ITYM CAP_IPC_LOCK and CAP_SYS_NICE. The ability to mlock is already
controlled by an rlimit, so the capability is not needed except as an
override. As for scheduling, this is being actively worked on. I have
a patch to make scheduling controlled by rlimits as well, and Ingo and
Con are working on scheduler modifications that may allow low-latency
for normal unprivilged users.

> I haven't looked into making capability bits for certain files, mostly
> cause I don't know vfs much and also I don't see this colliding with it,
> I think both should exist.

This work has been done a few times, but never got much traction mainly
due to the complexity of managing such a scheme.

> I don't know what the plans are for capabilities in the future but there
> are quite some shortcomings in the current implementation. I think it at
> least should allow to set/get capabilites of process ids, user ids and

Olaf Dietsche posted a patch recently that allows you to do this as well,
you might look at that. It's a bit different approach, but all of these
are working around the fact that it's simply broken right now.

> group ids. These are the things that come to my mind directly. I also
> see that 28 of the 32 currently possible slots are taken which will be a
> problem if capabilities are ever gonna get serious.

Actually we just added two more. Yes we're against the edge. FreeBSD
went straight to 64 bits. That's probably the easiest transistion.
Of course, there's also the problem that some capabilities are so broad
as to be meaningless for privilege separation.

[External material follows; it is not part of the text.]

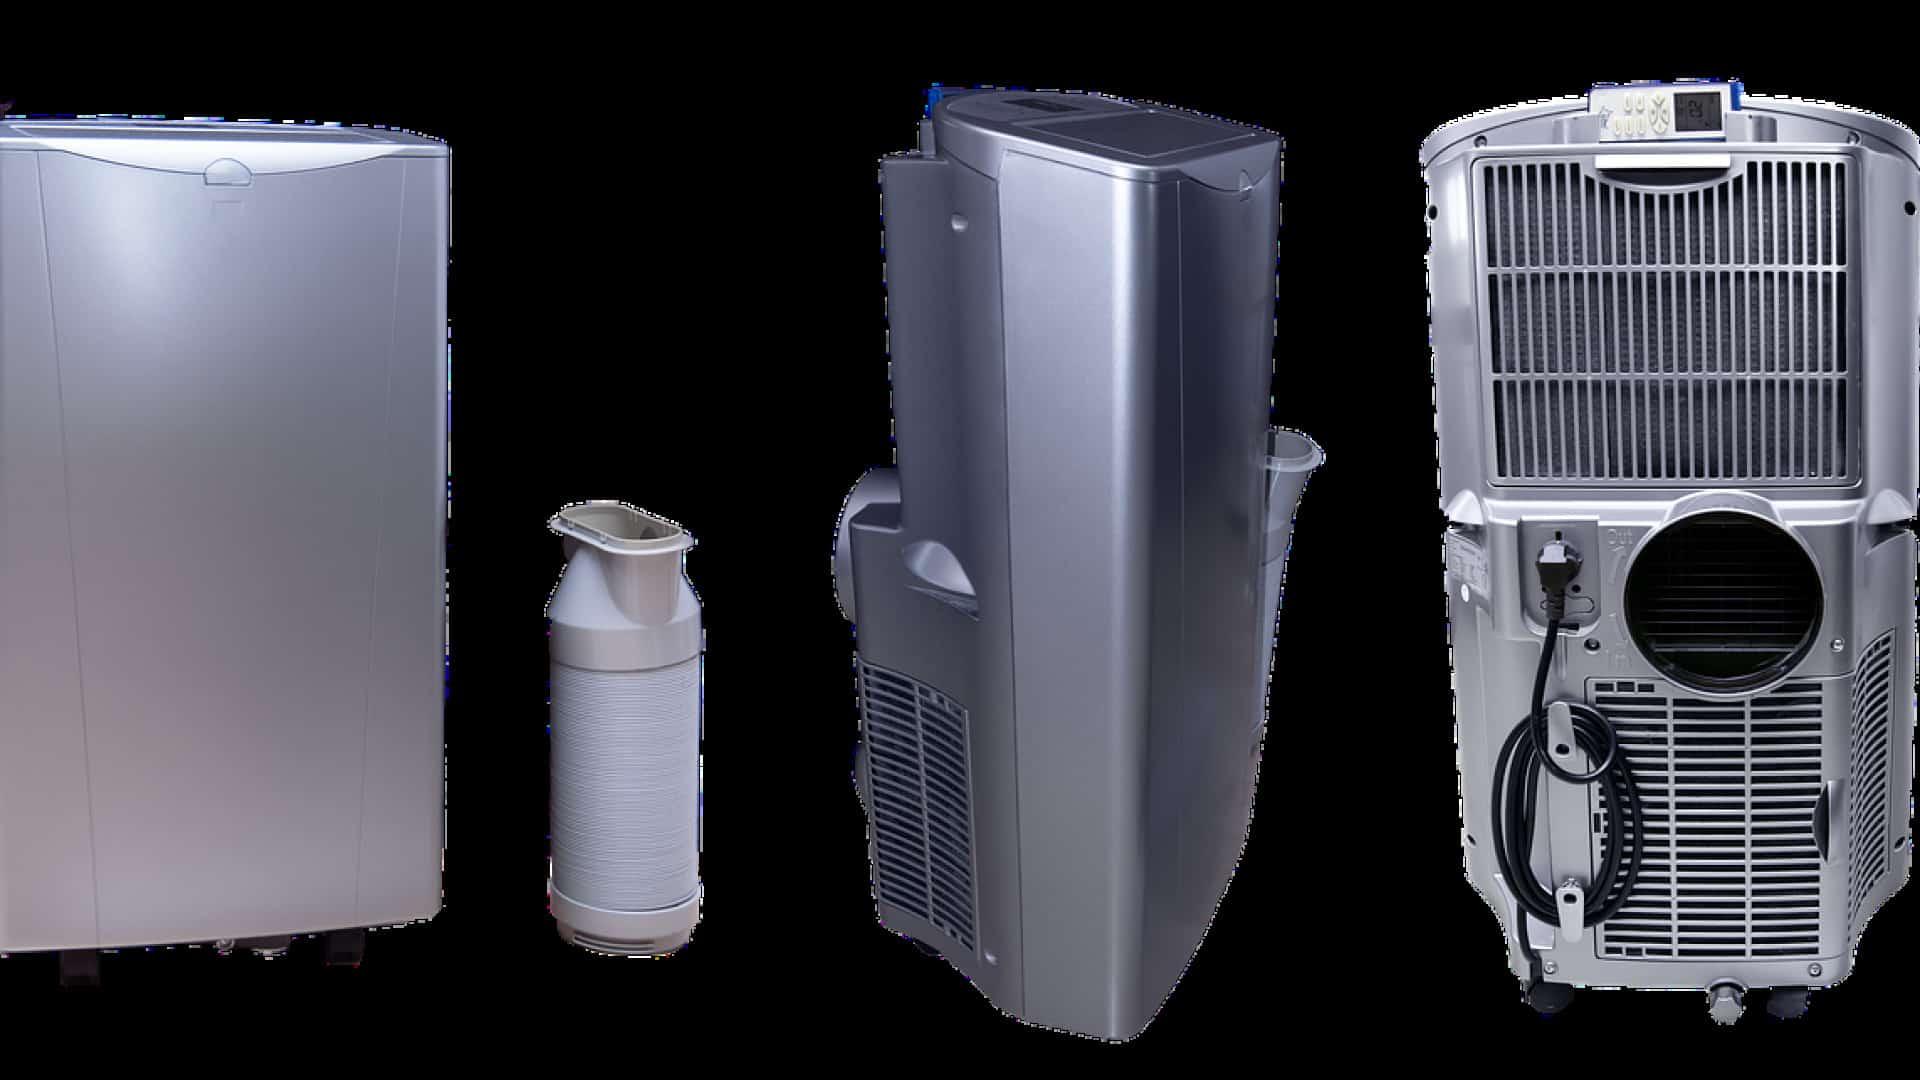 Que devez-vous vérifier pour choisir votre climatiseur ?
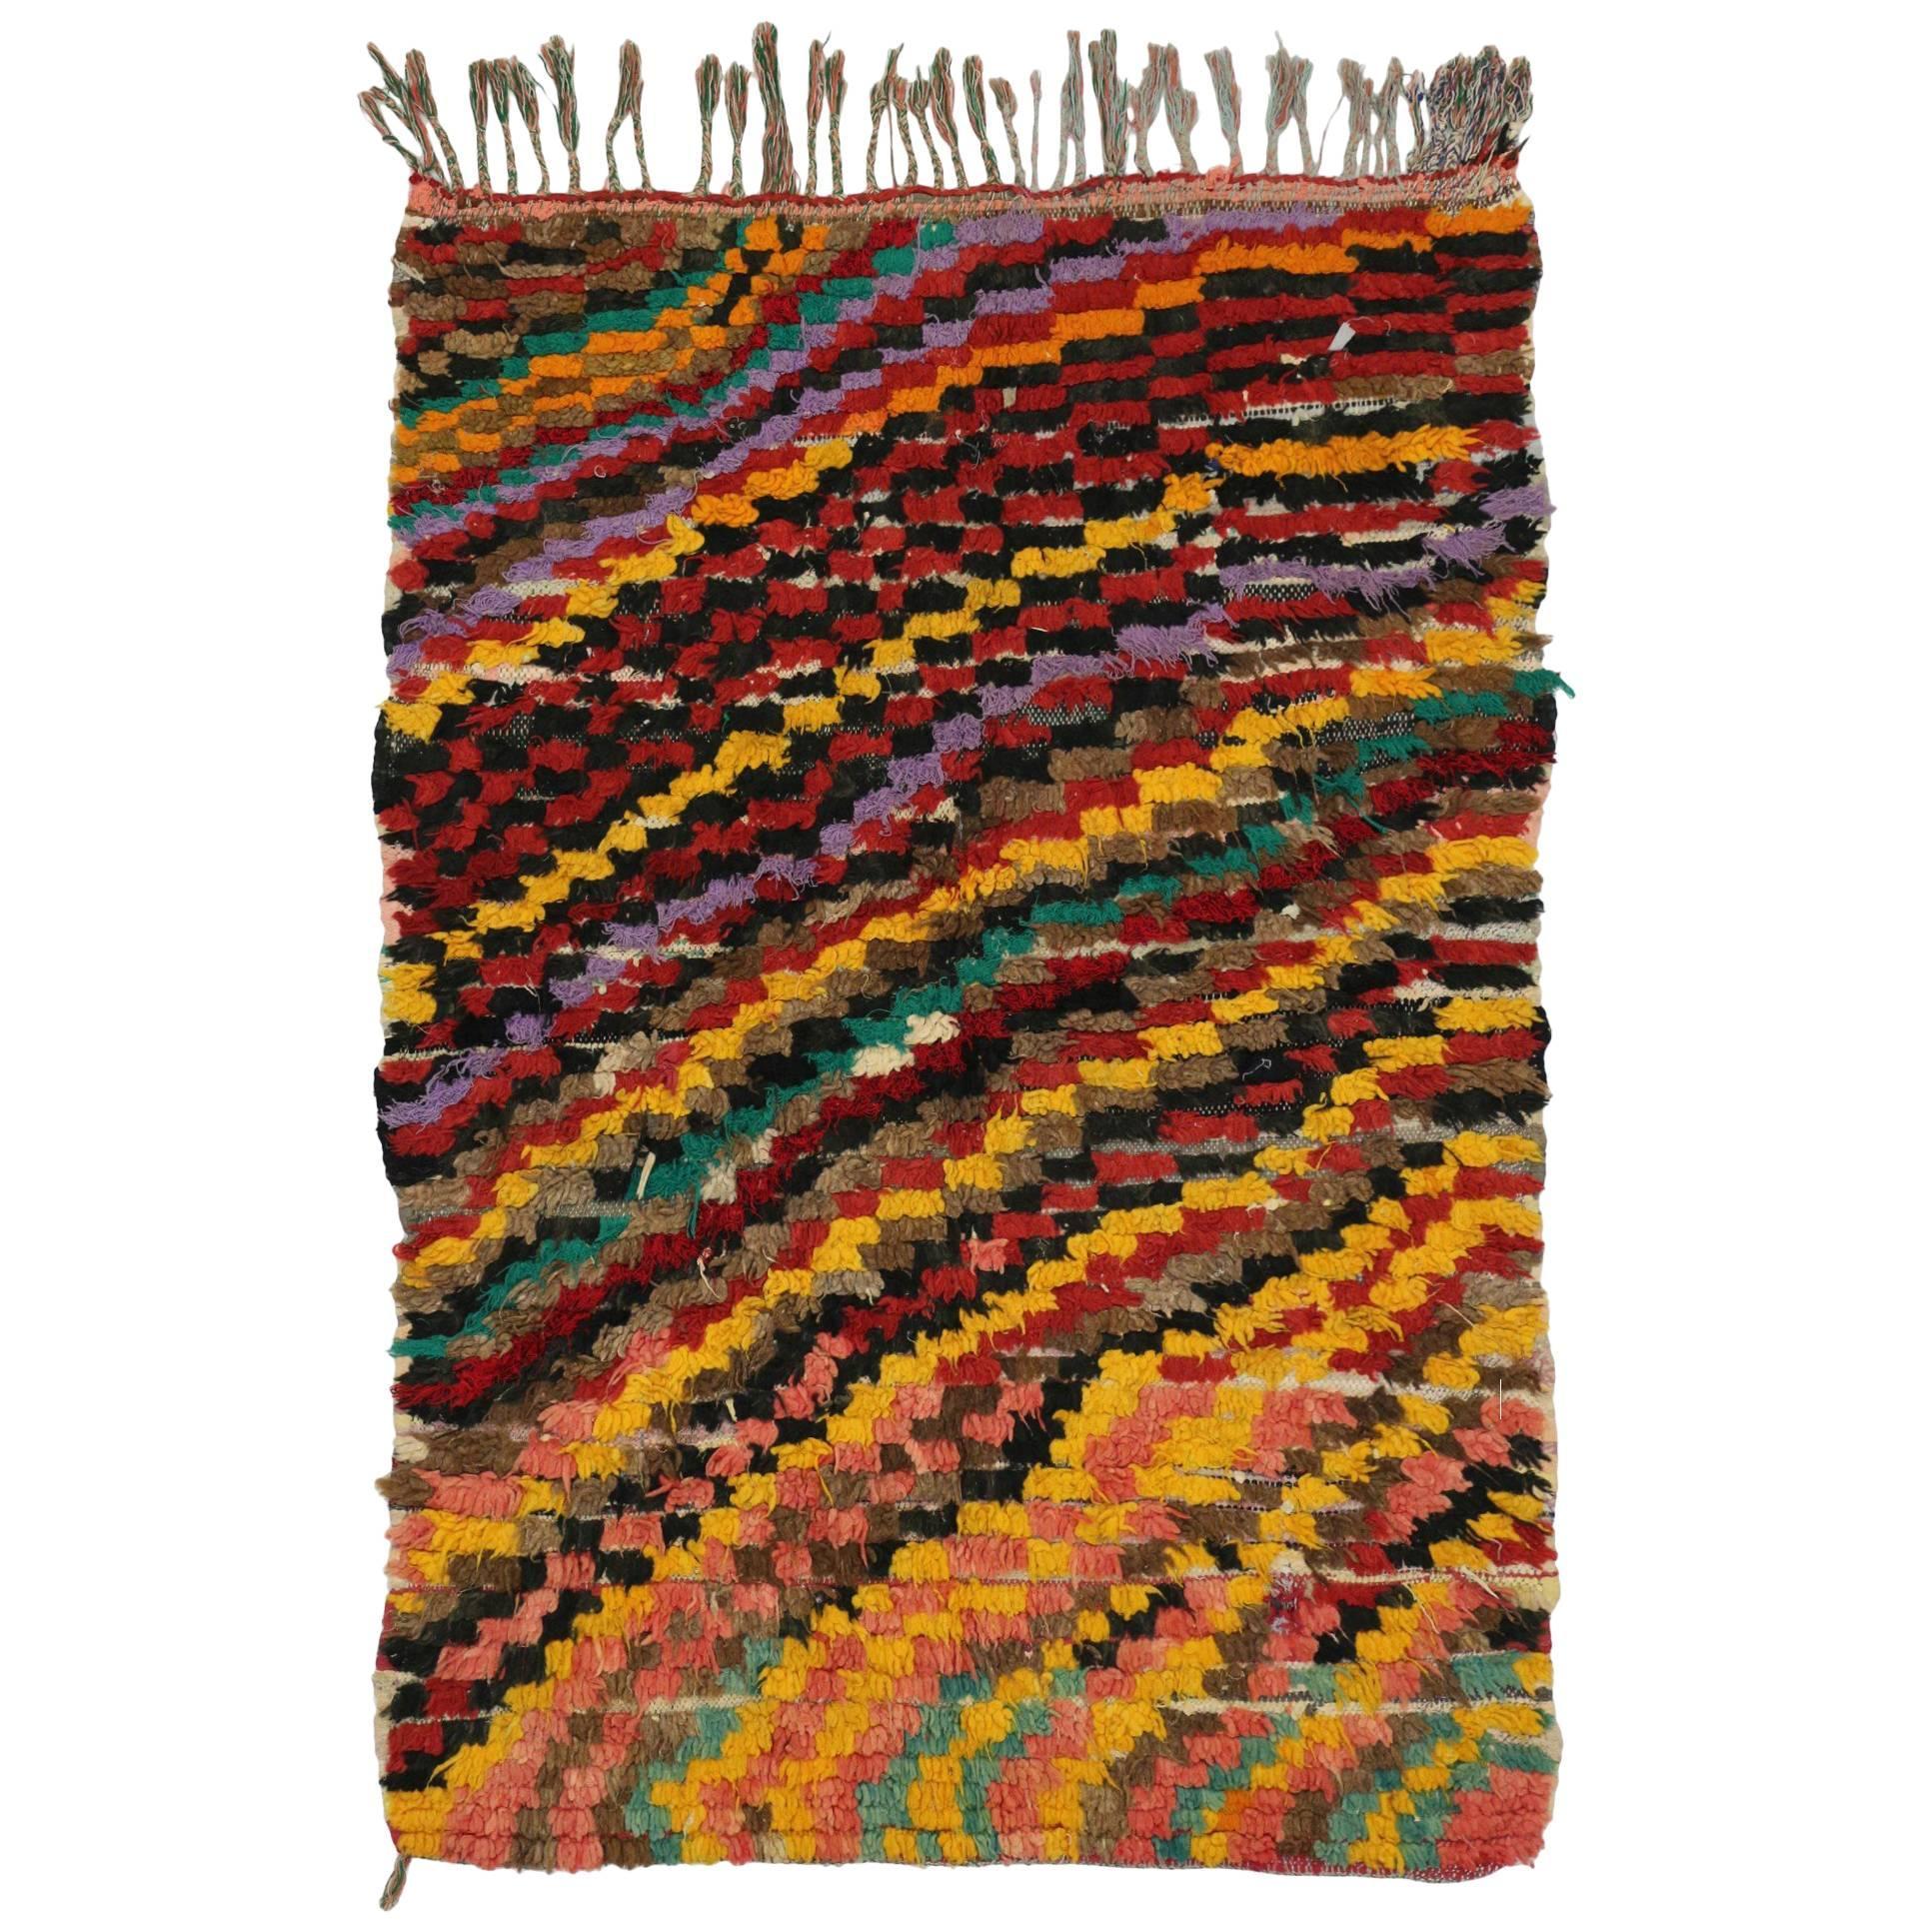 Contemporary Abstract Vintage Moroccan Boucherouite Rug, Moroccan Shag Rug

> While looking at it today I noticed user-space over here doesn't even
> seem to have macros/functions to set/test/clear bits in the blackboxed
> types which means anyone want to use it will be exposed to the raw
> structure.

Check libcap, there's quite a few functions for handling that.

> So I'm curious of what the thoughts are for capabilities, are they gonna
> go away some day in the future? I hope not, I think the idea is simple
> and good but something needs to be done about the implementation to
> allow it to be of full use. And yes, I volunteer, but I'm not all sure
> about which direction has been discussed and where this is going.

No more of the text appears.